Just in our Bay Area waters alone, bottlenose dolphins have been documented not only driving out resident harbor porpoises but, in some cases, killing them. Sometimes it’s done by forcing them under, drowning them within minutes. Other times, the act is conducted far more bluntly. Members of the attacking pod literally use their rostrums as battering rams to beat their smaller opponents till they succumb to excessive internal bleeding. Brutal.
All This Damn Eucalyptus
Tired of Eucalyptus bark dirtying your patio or crowding the running paths throughout Golden Gate Park?
As mesmerizing as this iridescent flora is, Tasmanian blue gum — a.k.a. “rainbow eucalyptus” to you and me—was never meant to root in and around our parks and city streets. Towering, knotted, stripy barked, with flowering white bodies that resemble moon jellyfish, these charismatic trees have firmly planted themselves in the San Francisco Bay Area, despite the fact that they come from halfway around the globe.
Back in the 1850s, they were planted for either our area’s burgeoning timber industry or in place of more fragile trees for scenery. Suffice it to say that they not only did well but thrived. In a recent tree census survey, it was revealed that there might be as many as 20,000 of these Aussie sinus-clearing plants in San Francisco proper.

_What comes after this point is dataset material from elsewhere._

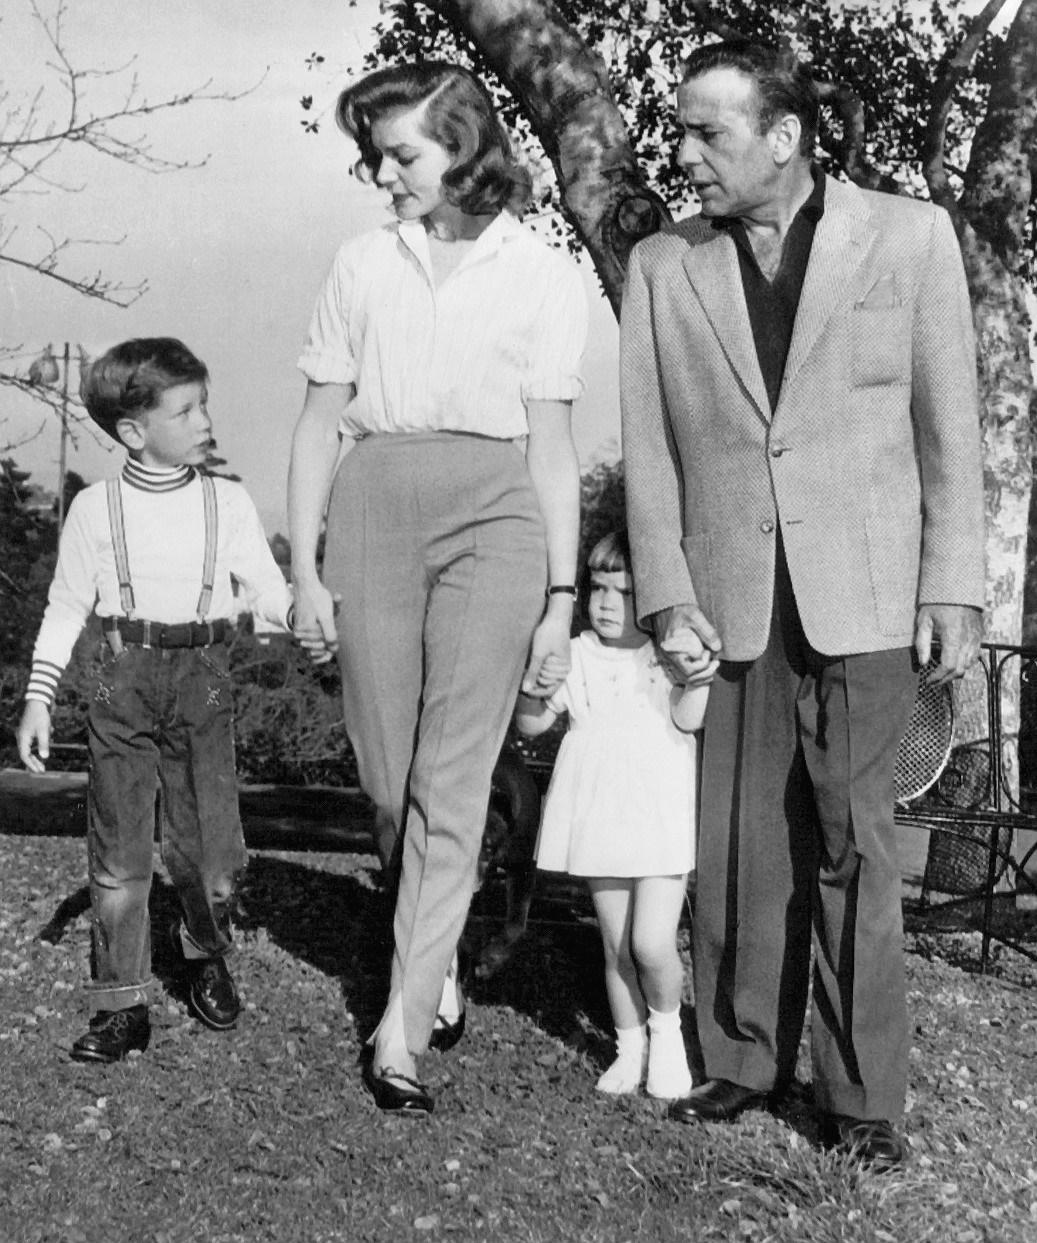 Stephen Humphrey Bogart Wikipedia

Oh, and did I mention that eucalyptus, unlike other indigenous Bay Area plants, is incredibly flammable? During 2017’s horrendous wildfire outbreaks, gnarly winds and drier-than-average conditions weren’t the fires’ only incubators. Large swaths of this highly ignitable lumber were one of the biggest roadblocks to containing the blazes. Santa Barbara, especially, contains one of the densest populations of eucalyptus anywhere in the state — which only exacerbated the state’s now second-largest wildlife population.
Living With Aliens
In a globalized world, where goods of all sorts are shipped and sent across oceans and continents, I’ve come to terms with a less-than-ideal reality: we just have to make the best out of a bad situation.
Two summers ago, I was tapped to be a “python hunter” in the Everglades during its inaugural season. An acquaintance of mine, who, like myself, had a long history in dealing with large exotic reptiles, joined me for the sponsored outing. That initial 24-hour odyssey ended up being a three-day witch hunt for free-roaming Burmese pythons along moonlit roads. By the end of that trip, we had caught nearly 30 animals and wrestled to the ground this sobering fact: these animals are here to stay.
Like the Asiatic pythons swallowing swamp life whole in the marshlands of South Florida, our invasive species aren’t going anywhere. They’re healthy and breeding and expanding their territories well beyond our backyards. Once a species takes hold in a new neighborhood, it’s nearly impossible to eradicate them—it merely becomes a game of cat and mouse. For better or worse, San Francisco’s alien flora and fauna neighbors are here to stay.
Feature Image: A parrot enjoying blossoms in Sue Bierman Park. (Photo: Courtesy of Flickr via Byron Chin)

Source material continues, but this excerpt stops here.